Se c’è una cosa che ho imparato presto nella mia vita da tea-addicted è che il tè quando scappa scappa. Non sempre però si può andare in qualche locale per soddisfare la propria voglia, e, soprattutto, non sempre si trova un locale adeguatamente fornito di vero tè. Quindi ho preso l’abitudine di portare con me quando sono fuori casa un thermos con l’acqua calda e un pratico porta tè. Ho pensato allora di creare questa rubrica in cui condividere non qualche nuovo sapore di tè, ma soltanto i vari luoghi in cui mi sono ritrovata a bere il tè.
A causa della casualità della faccenda, le foto sono per la maggior parte prese dal cellulare, quindi di una qualità un po’ inferiore rispetto al solito.

Era da un po’ che non parlavo di un tè bevuto fuori casa, anche se in realtà mi è accaduto spessissimo di gustarne qualcuno. L’ultimo sabato di novembre, però, mi trovavo in stazione, e avevo per caso con me la macchina fotografica, così ho potuto immortalare la cosa!

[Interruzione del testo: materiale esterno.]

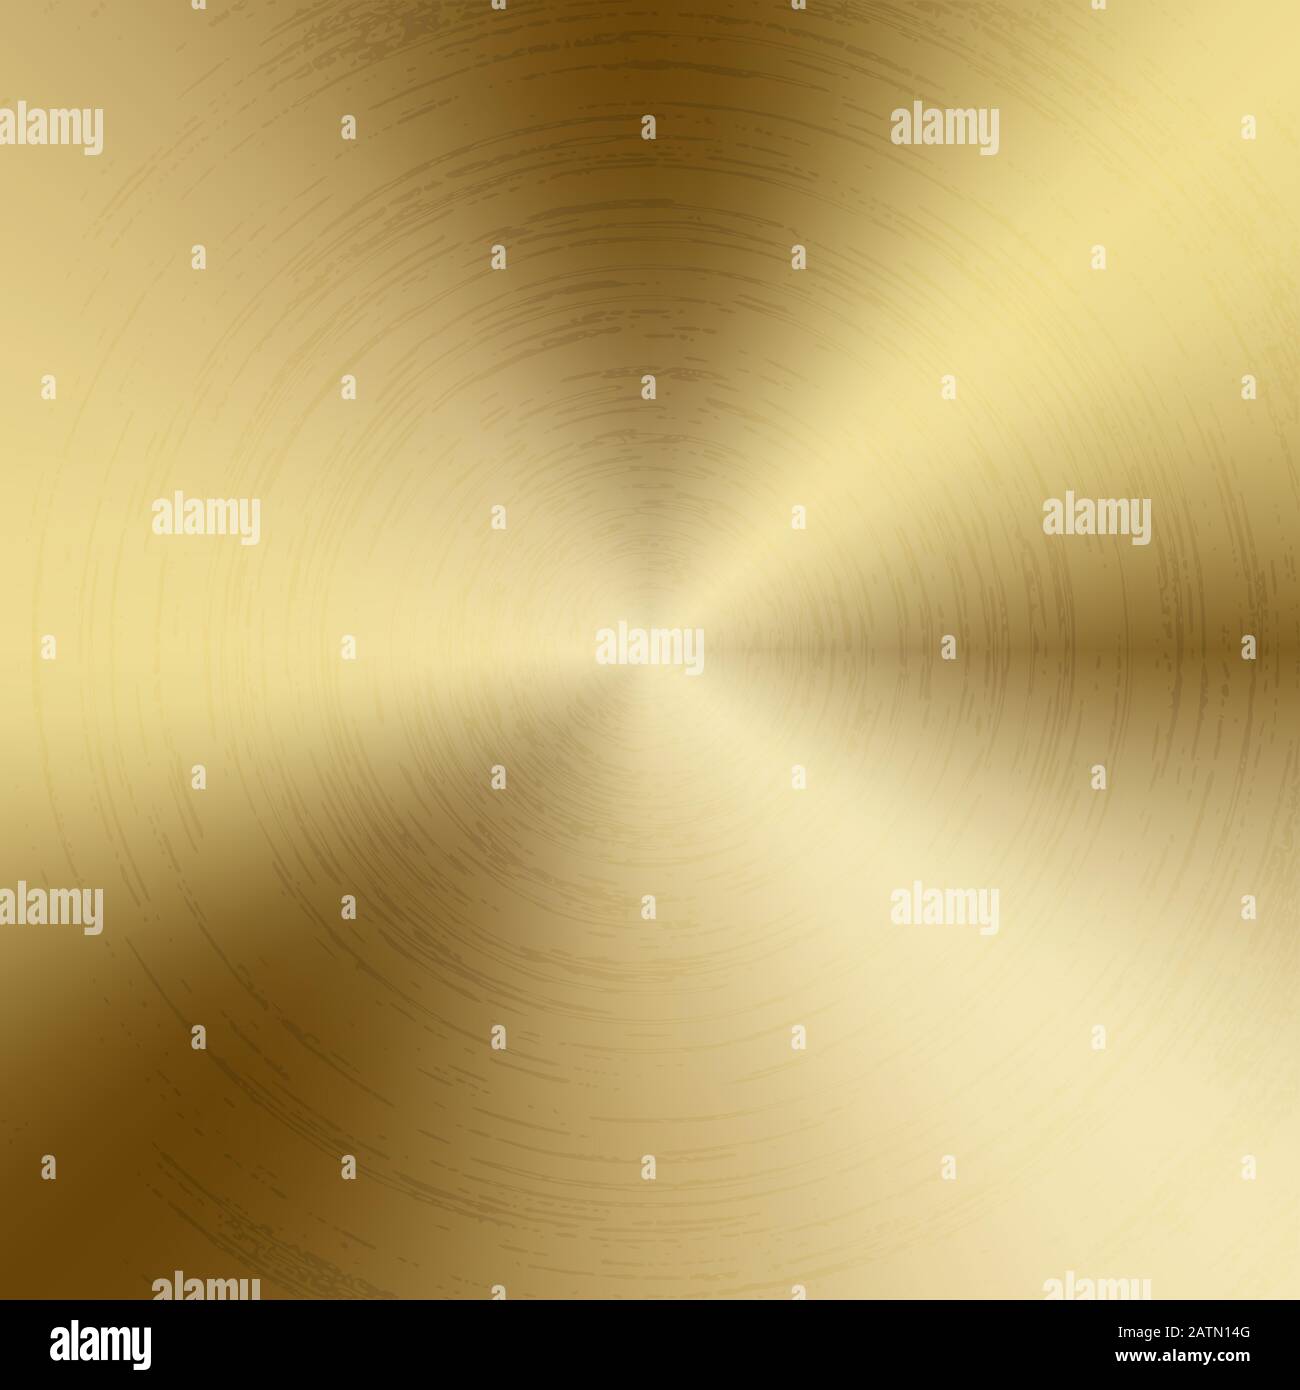 Struttura radiale lucidata oro metallo sfondo. Tecnologia vettoriale testurizzata oro colore sfondo con circolare lucido, spazzolato concentrico texture. Illustrazione Vettoriale

Ero in giro dalla mattina, e non mi ero portata a presso il mio solito thermos, così a sera, avendo da attendere quasi un’ora prima del mio treno, desiderosa di qualcosa di caldo… ebbene sì, l’ho fatto: ho preso il tè dalle macchinette!!!!! Anzi, diciamo la verità, mi sono presa una “bevanda al gusto di tè”, come onestamente recita la targhetta. :)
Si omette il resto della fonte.